An exercise would be to break it down by year by year, and then coach by coach.

Anyway, more data is needed- too few teams, too few goals, too few years. It would be interesting though, to look at other leagues.

beineke
07 Sep 2003, 10:56 AM
Originally posted by Karl Keller

I guess I am skeptical, but here's where a rigororus methodology will refute or confirm my skepticism.

Karl, I used sound methodology. I'm just not interested in describing it in detail.
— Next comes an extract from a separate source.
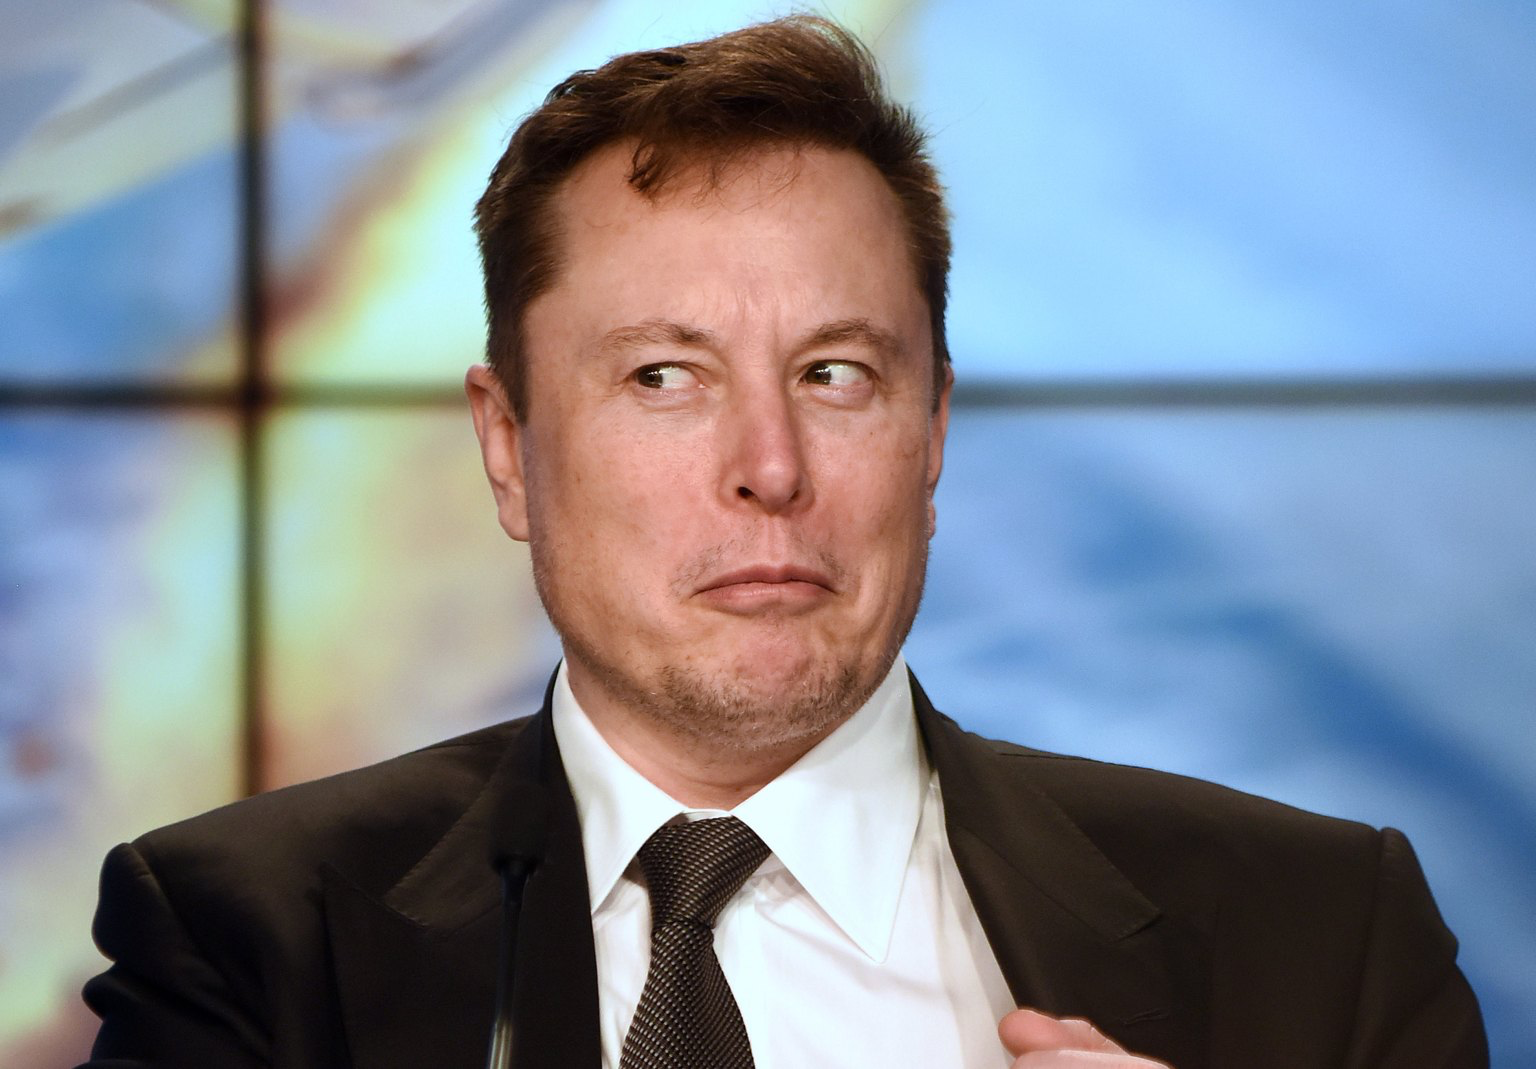 tesla stock is there a forming of a new bubble

If you look at the chi-square statistics I described earlier, Newcastle's yields a p-value of 0.005 (.0032 using a more precise method). That's better than ten times what is ordinarily needed for statistical significance. The problem is that you also have to adjust for multiple comparisons. Multiple comparisons is a complex issue, and not really appropriate to this forum.

the101er
08 Sep 2003, 11:58 AM
Statisticians talk about "interesting" data. This, as far as I can tell, usually refers to data that rejects the null hypothesis.

But in laymen's terms, I think whatever we discover here is going to be interesting. We just need to be sure all of the numbers are right and the statistical work is sound.
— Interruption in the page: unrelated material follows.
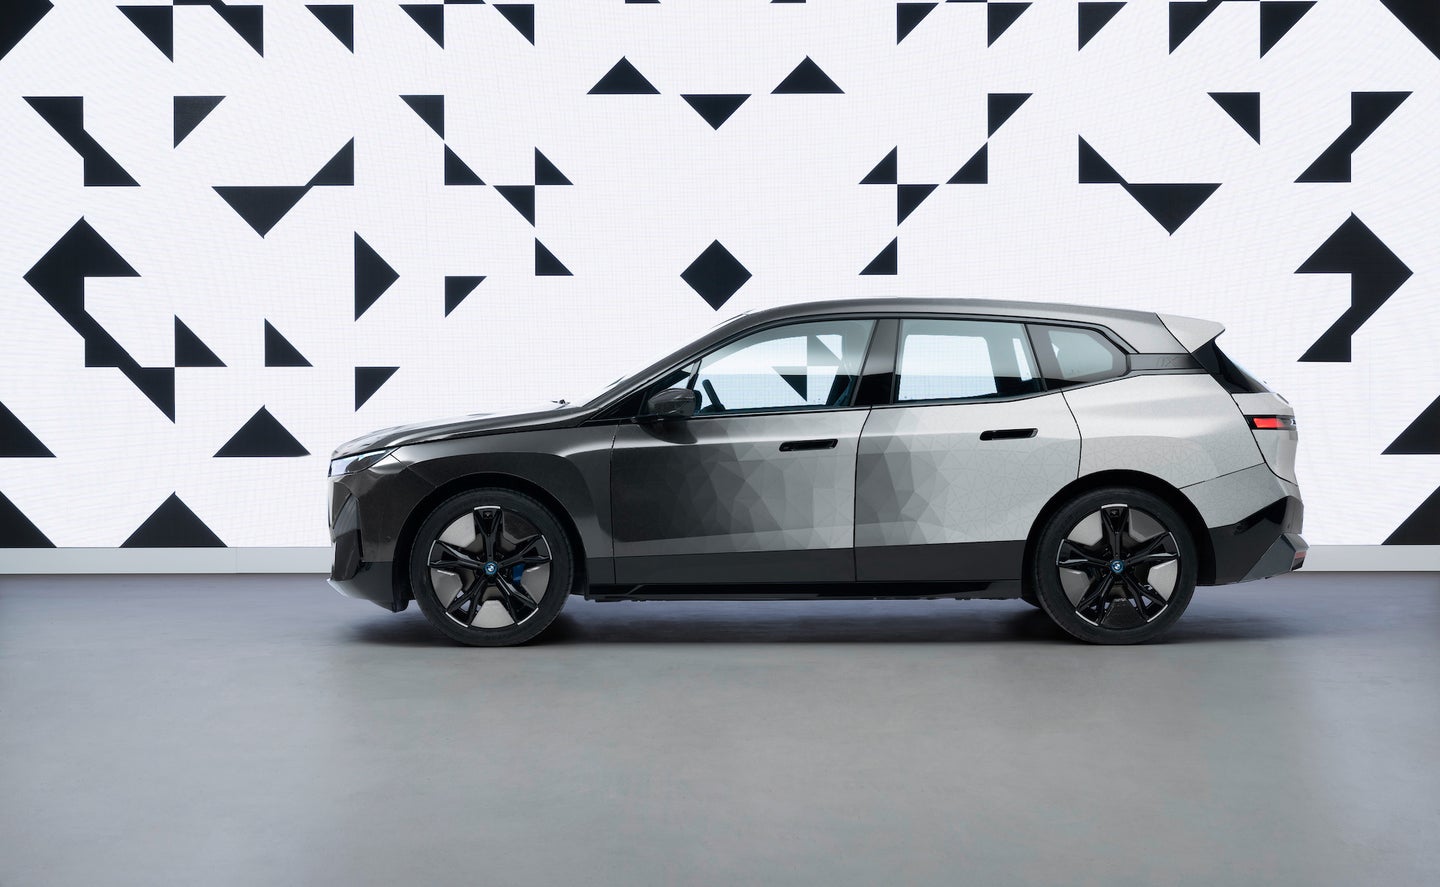 See BMW’s Wild Color-Changing Car in Action

If the null hypothesis is: All teams (good or bad) tend to score goals at the same time during games. Then, if we can't find any teams' data that reject the null hypothesis, we can say that better teams just score more goals than worse teams and it doesn't matter when in the match. This, I think, would be counter-intuitive to many soccer pundits, who tend to see either an early goal or a late goal as "critical".

I am busy correcting the first numbers I posted which, I apologize, had some errors. I think this is mostly due to the haphazard nature of reporting own goals at the website I am using. And, this time, I am counting all goals and splitting goals into 6 time segments of the game.

As I understand it, I should be able to take all of the data for the whole season and use this as my expected results and run a chi-squared analysis for each team against the expected results. It would be nice if someone had the same type of numbers for the Premiership, that were reported for MLS.

beineke
08 Sep 2003, 12:36 PM
Originally posted by the101er
As I understand it, I should be able to take all of the data for the whole season and use this as my expected results and run a chi-squared analysis for each team against the expected results.

Not sure if this is what you're saying, but you can run a chi-square for all 20 teams at once by putting all those numbers into a 20 x 6 table.

microbrew
08 Sep 2003, 12:55 PM
BTW, we can say the last 15 minutes are the most important, because that's where the most goals are scored...

beineke
08 Sep 2003, 01:03 PM
Originally posted by microbrew
BTW, we can say the last 15 minutes are the most important, because that's where the most goals are scored...

... only if these goals have an impact on the final result.

Karl K
09 Sep 2003, 11:59 AM
Originally posted by the101er
Statisticians talk about "interesting" data. This, as far as I can tell, usually refers to data that rejects the null hypothesis.

But in laymen's terms, I think whatever we discover here is going to be interesting. We just need to be sure all of the numbers are right and the statistical work is sound.

If the null hypothesis is: All teams (good or bad) tend to score goals at the same time during games. Then, if we can't find any teams' data that reject the null hypothesis, we can say that better teams just score more goals than worse teams and it doesn't matter when in the match. This, I think, would be counter-intuitive to many soccer pundits, who tend to see either an early goal or a late goal as "critical".

I am busy correcting the first numbers I posted which, I apologize, had some errors. I think this is mostly due to the haphazard nature of reporting own goals at the website I am using. And, this time, I am counting all goals and splitting goals into 6 time segments of the game.

As I understand it, I should be able to take all of the data for the whole season and use this as my expected results and run a chi-squared analysis for each team against the expected results. It would be nice if someone had the same type of numbers for the Premiership, that were reported for MLS.

Well said.

Look forward to seeing your results.